Tentando di ampliare l’analisi, un altro fenomeno ben noto agli occhi di tutti è l’aggressività manifestata da alcuni agenti di polizia americani durante il servizio. I casi di violenza maggiormente registrati sono ai danni della popolazione afroamericana, ma tralasciando qualsiasi motivazione razziale, un dato balza subito all’occhio: 12703 casi su 13233 che riguardavano presunte violazioni di diritti civili non sono stati approfonditi dalla giustizia americana. La questione in realtà è molto complicata, poiché è sempre molto difficile per i giudici trovare prove sufficienti ad incriminare un agente di polizia, provando che  abbia intenzionalmente agito con violenza durante il fermo di una persona.
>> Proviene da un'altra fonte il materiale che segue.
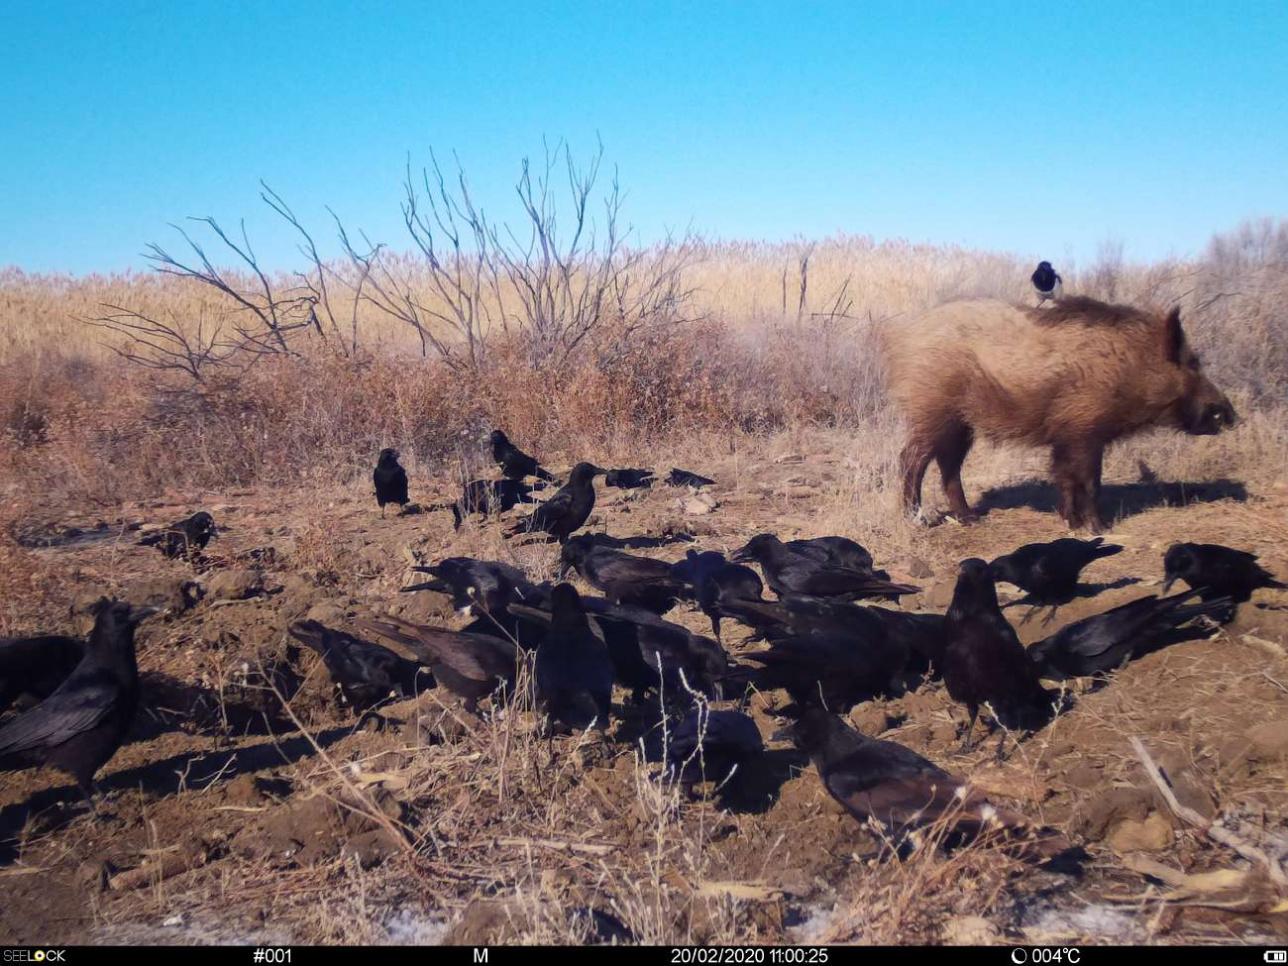 Снимки с фотоловушек показывают, что кабан, на самом деле, очень забавное животное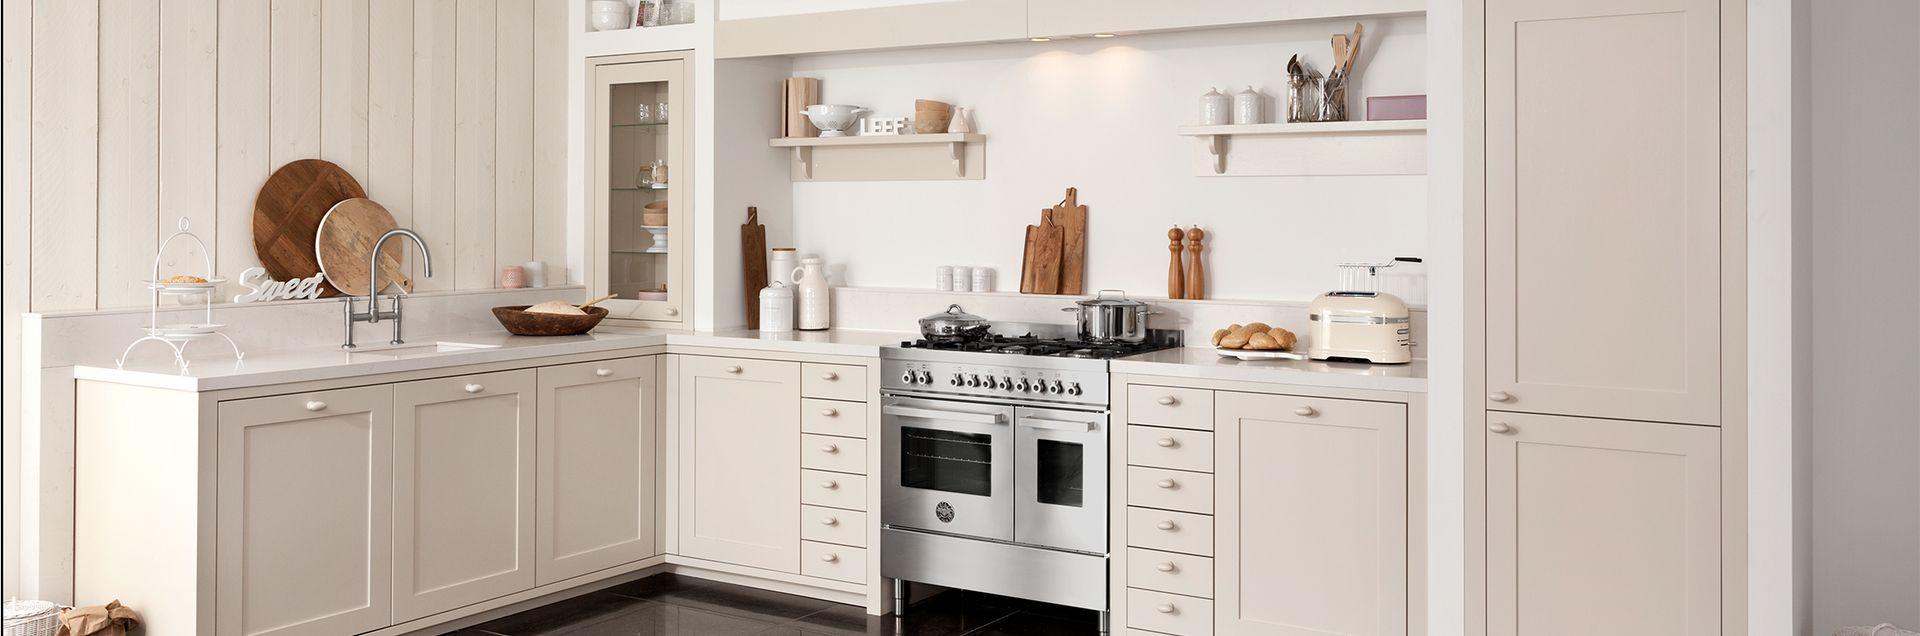 modern landelijke keuken

Diversi studi sono stati condotti da psicologi e giuristi per capire in che condizioni si possa stabilire quando ci si trova in presenza di regolare attuazione di procedure necessarie durante l’arresto di un individuo e quando invece il protocollo non viene rispettato e la violenza impiegata risulta essere eccessiva. Si tratta di un confine assai labile, che induce a riflettere su come cercare di distinguere i due modi di usare la forza: legittimo oppure eccessivo.

Per concludere, l’omertà non deve, o meglio, non dovrebbe ostacolare il corso della giustizia, perché, evitando di denunciare l’ingiustizia, non si potrà mai abbattere quel muro che da troppo tempo impedisce ai familiari delle vittime di far chiarezza su ciò che realmente è accaduto mentre i loro cari si trovavano in custodia dello Stato. Probabilmente, se ci fosse più empatia da parte di dottori e forze dell’ordine che in quei sette giorni avevano in cura ed in custodia Stefano Cucchi, oggi forse sarebbe un giovane adulto di 42 anni.